Wednesday, August 8, 2012

Prevent Autodiscovery from Using a Pre-production CAS

When you install a Client Access server (CAS) into an existing Exchange environment, an SCP object is created in Active Directory for autodiscover. That object is immediately available in Active Directory and can be located by Outlook clients.
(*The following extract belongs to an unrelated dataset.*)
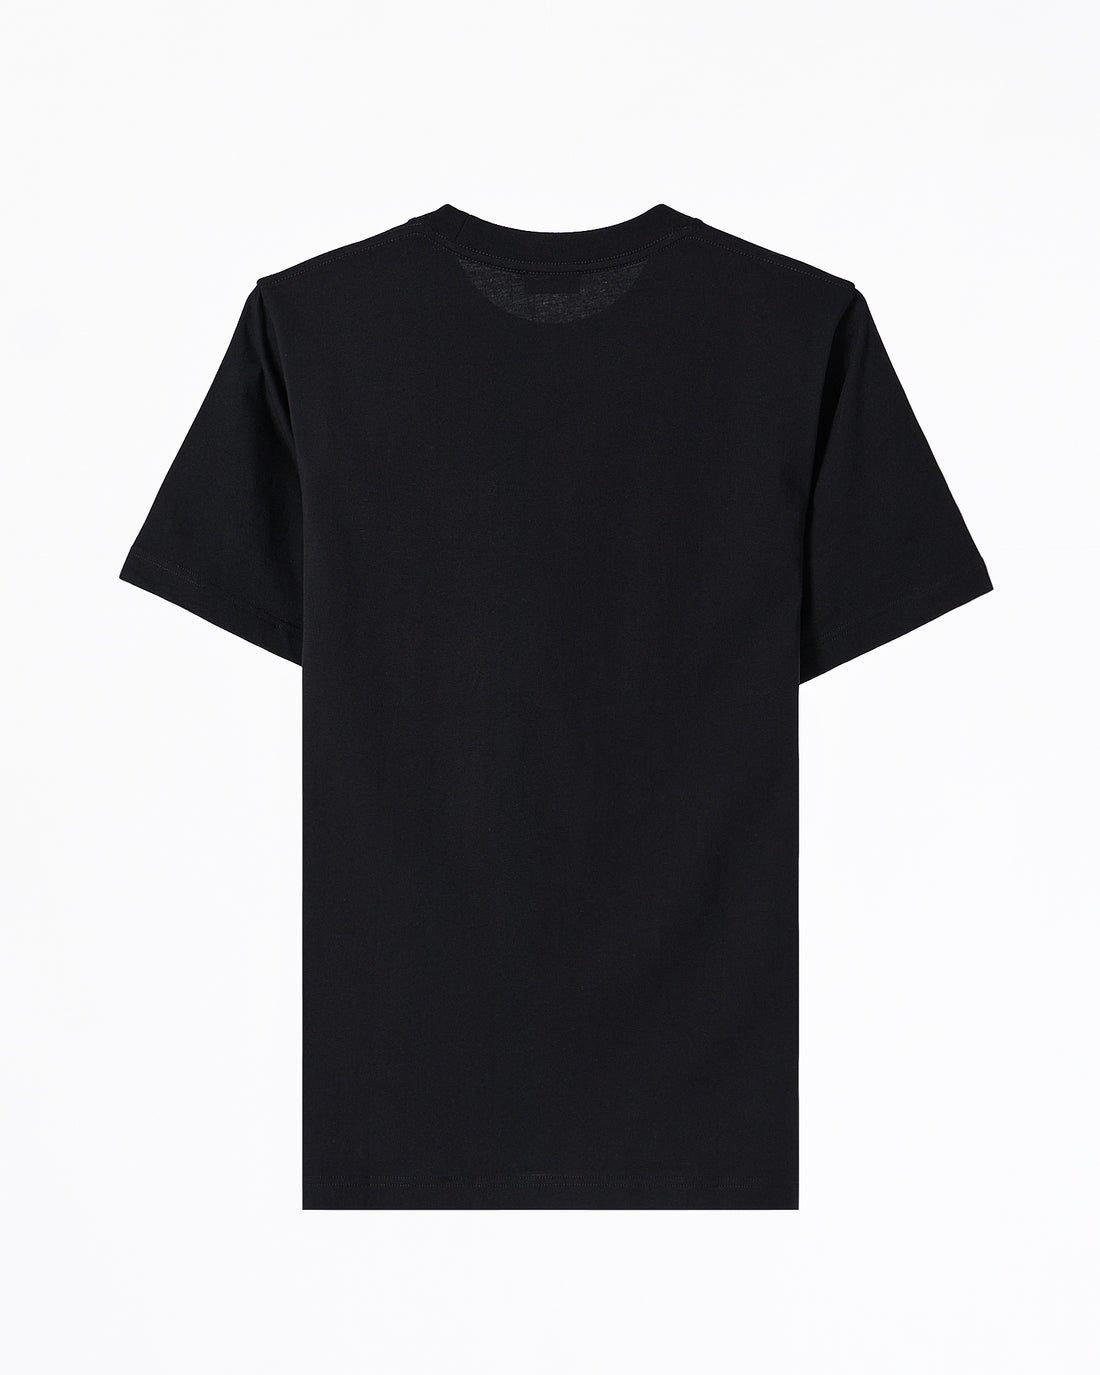 CD Designer Unisex Black Knit T-Shirt 59.90

If the CAS is not ready, and you've not configured certificates on the CAS yet, then users may start getting the errors about untrusted certificates.

To prevent clients from using the new CAS before it is configured (effectively disabling autodiscover), you can modify the SCP object by using the following cmdlet:

Set-ClientAccessServer ServerName -AutoDiscoverServiceInternalUri $NULL

Later, when the CAS is ready for production, you need to put the correct URI back into the object with the following cmdlet:

Set-ClientAccessServer ServerName -AutoDiscoverServiceInternalUri https://ServerFQDN/Autodiscover/Autodiscover.xml

Update May 2018
For the last while, I've been hearing about issues when setting the autodiscover URL to $null. It seems that newer Outlook clients see the SCP object in AD and assume that they can use the default URL for that node. So, rather than setting it to $null, set the URL to be the load balanced URL used for the older version.

As a practical example, if you are adding Exchange 2016 to and Exchange 2010 organization, set the URL to point at the Exchange 2010 servers until you've configured and tested the Exchange 2016 servers.